Customer Review

Reviewed in Australia on 7 June 2014
Is it possible to make the wrong choice for the right reasons? These are the moral dilemmas posed by author ML Stedman in her powerful debut novel The Light Between Oceans.
On Anzac day 1926, a German immigrant who arrived in Australia prior to World War 1 (and was interred for the duration), is walking with his wife and baby when they are attacked by drunken locals. This attack sets in motion events which have heartbreaking consequences.
Tom Sherbourne physically survived WW1, but mentally he can’t quite face life; why him when so many others didn’t come home? He needs healing time and takes a job on Janus Rock, a lighthouse off the coast of Western Australia. Much to his surprise he meets Isabel in the town of Point Partageuse and although he discourages her advances, she is not a lady easily discouraged. After a long courtship conducted by letter, they marry and Isabel joins him on the island.
In the 1920s lighthouse keeping wasn’t an easy life; for starters there was the isolation, the supply ship only visited quarterly and leave was only given every three years. The light itself required many hours work to keep it functioning, cleaning, polishing, refilling the lamp which powered the flame.
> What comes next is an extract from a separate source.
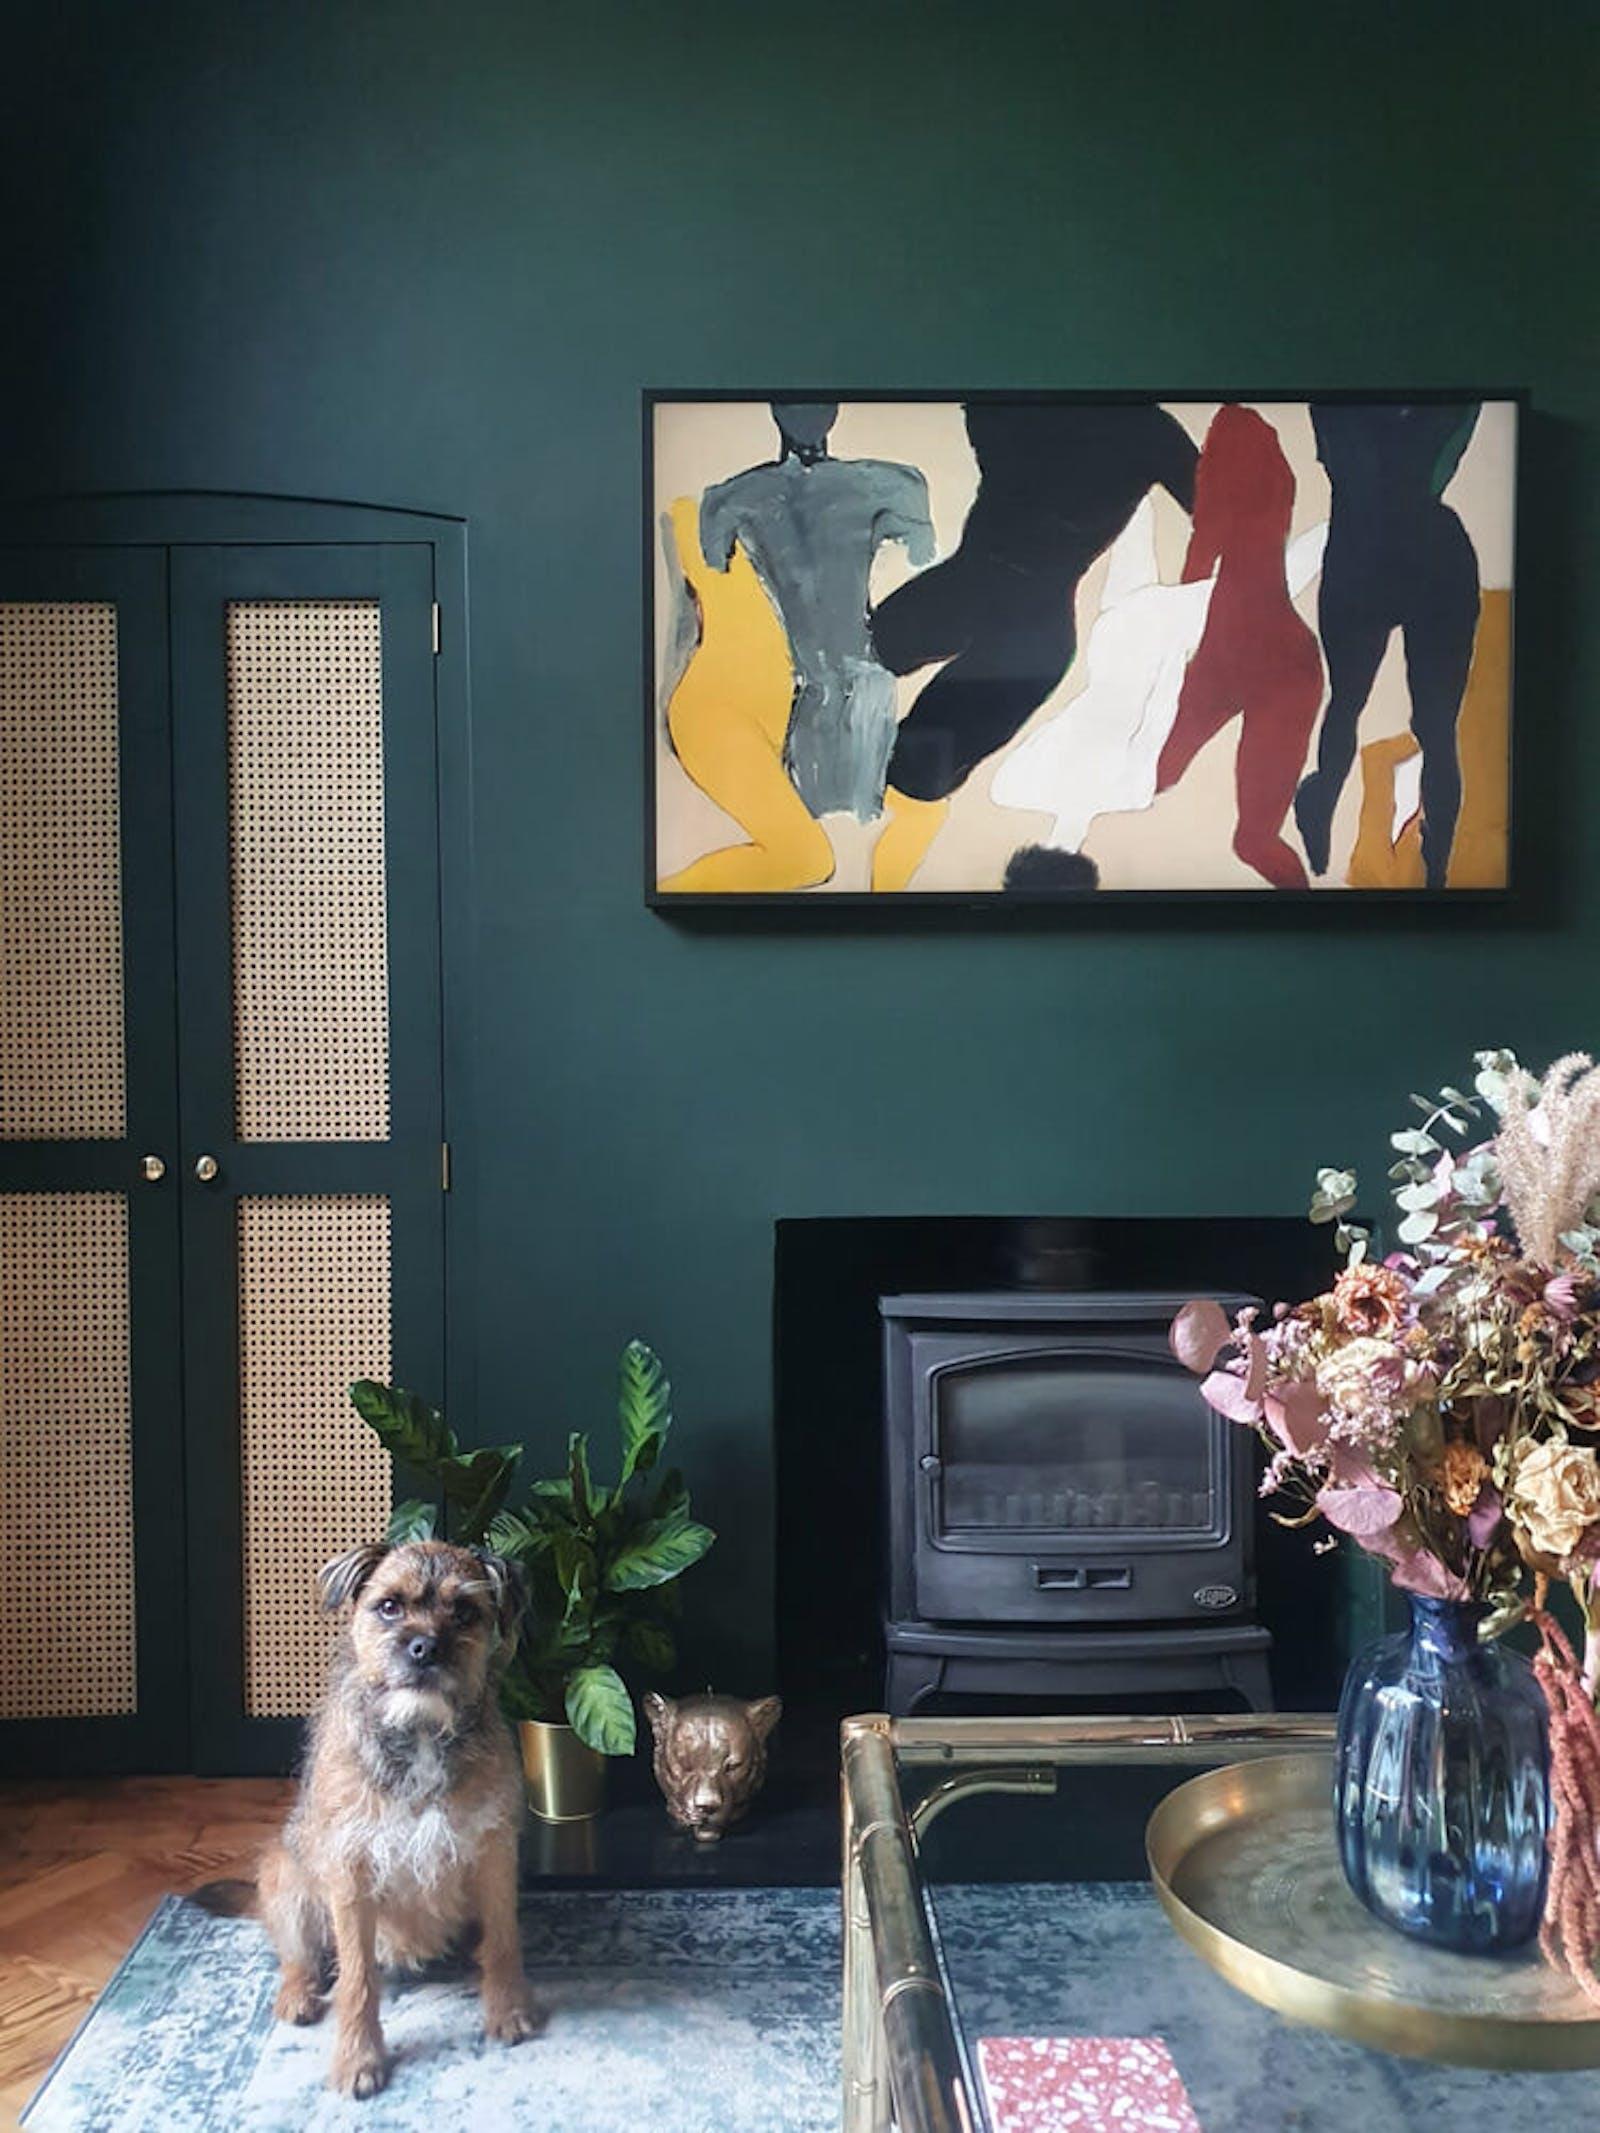 Living room dark green walls and stylish artwork

“The oceans never stop ... the wind never finishes. Sometimes it disappears, but only to gather momentum from somewhere else, returning to fling itself at the island ... Existence here is on the scale of giants. Time is in the millions of years; rocks which from a distance look like dice cast against the shore are boulders hundreds of feet wide, licked round by millennia ...”
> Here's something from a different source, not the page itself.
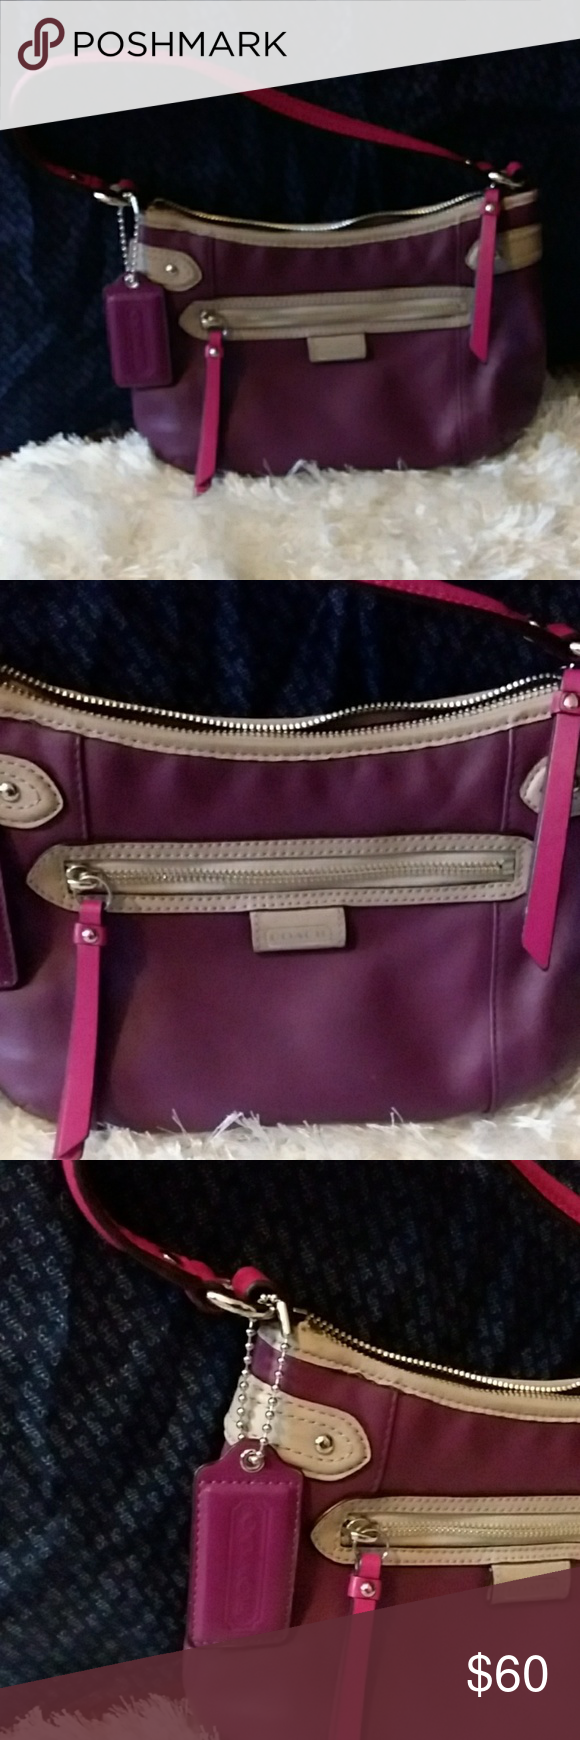 Pink Wento 1pcs 31-57 Webbing Shoulder Cross Pink Bag Strap,Band width 0.78,replacement Cross Body Purse Straps,Pink canvas purses straps WTD33

Despite this, Tom and Isabel grow stronger in their marriage, their happiness only marred by the lack of the children they so desire. When their third baby is stillborn, Isabel moves into a dark place where Tom cannot follow.
A boat with a dead man and a mewling baby washes ashore on Janus Rock and Isabel quickly sees it as a sign from God that she is supposed to raise this child, a replacement for the baby she and Tom have just buried. Tom intends to record the wrecked boat into the lighthouse log, he even leaves blank spaces to enter the details, but bows to Isabel’s wish to raise this child as their own and so the beautiful and precocious Lucy restores the light to Isabel’s eyes. “Once a child gets into your heart, there’s no right or wrong about it.”
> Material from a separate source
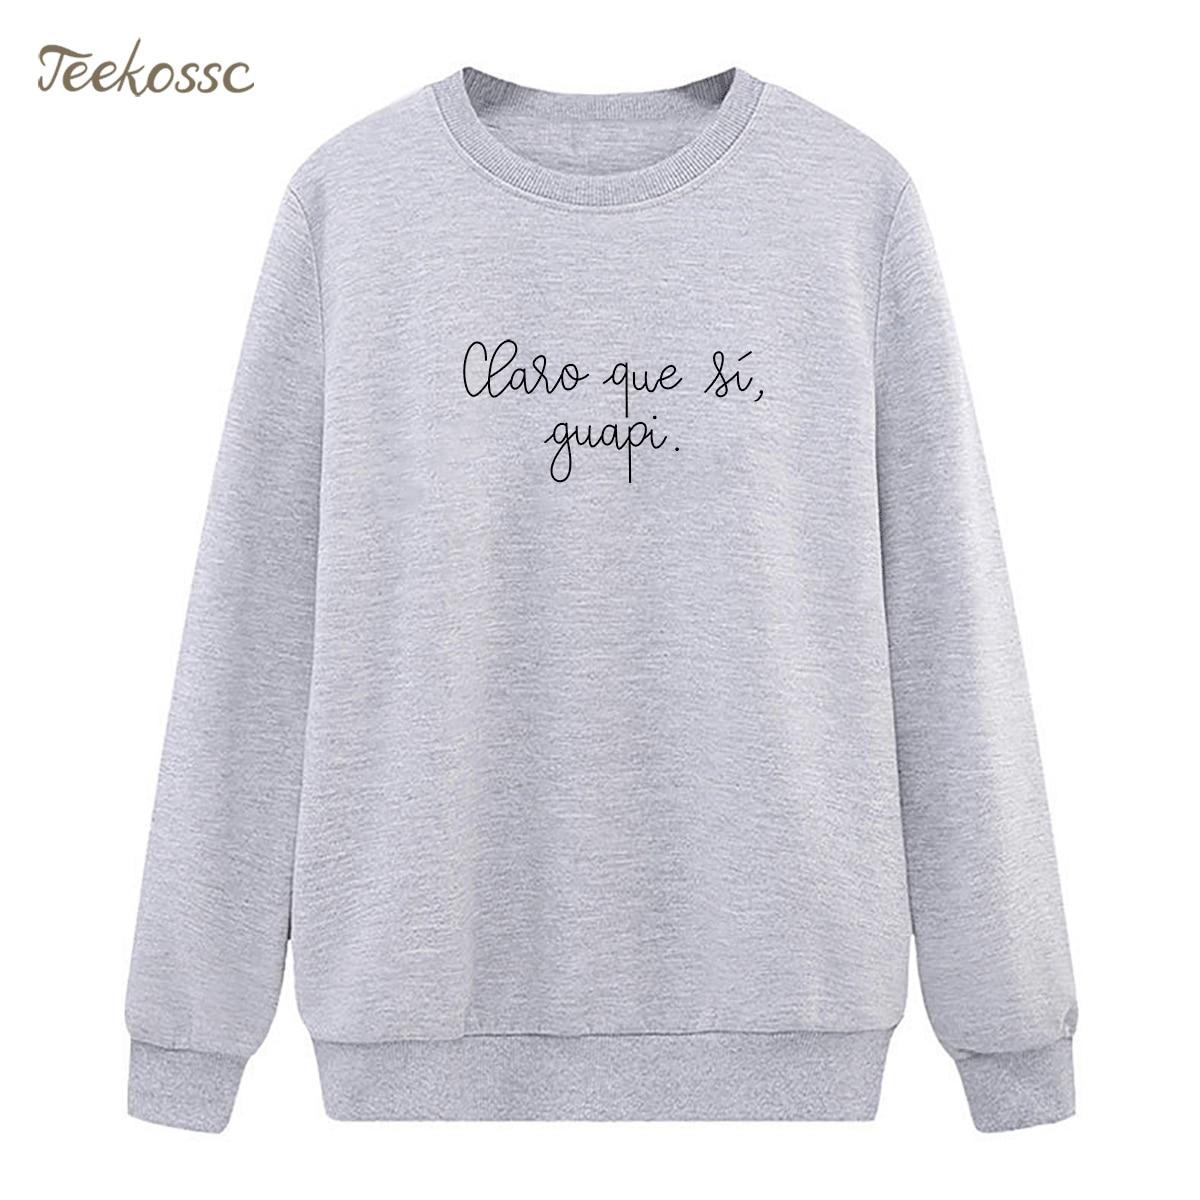 Fashion Design Sweatshirt Letter Print Hoodie 2018 New Winter Autumn Women Lasdies Pullover Fleece Warm Hipster Gray Streetwear

Is their decision right? Is it wrong, but justifiable? Is there a woman somewhere searching for her husband and child? How would you react in these circumstances?
For me this novel worked on so many levels; I felt empathy for the main protagonists and cared for them. Would I have made the choices the author made in the telling of the story? I honestly don’t know, but I do know these choices were well supported by the story. I love the way Stedman uses duality throughout the novel; Janus Rock for example is named for the two faced god Janus; baby Lucy has two stories; the main locations of Janus Rock, island, and Point Partageuse, mainland; even the name of the novel refers to the point where the calm Indian Ocean meets the turbulent Great Southern Ocean.
I’d like to share with you another quote from the book which I find particularly insightful – “She knew that if a wife lost a husband, there was a whole new word to describe who she was: she was now a widow. A husband became a widower. But if a parent loses a child, there was no special label for their grief. They were still just a mother or a father, even if they no longer had a son or daughter. That seemed odd.”
The Light Between Oceans is a story which held me and just when I thought I had it worked out, the author made slight shifts to the story. Great read, highly recommended.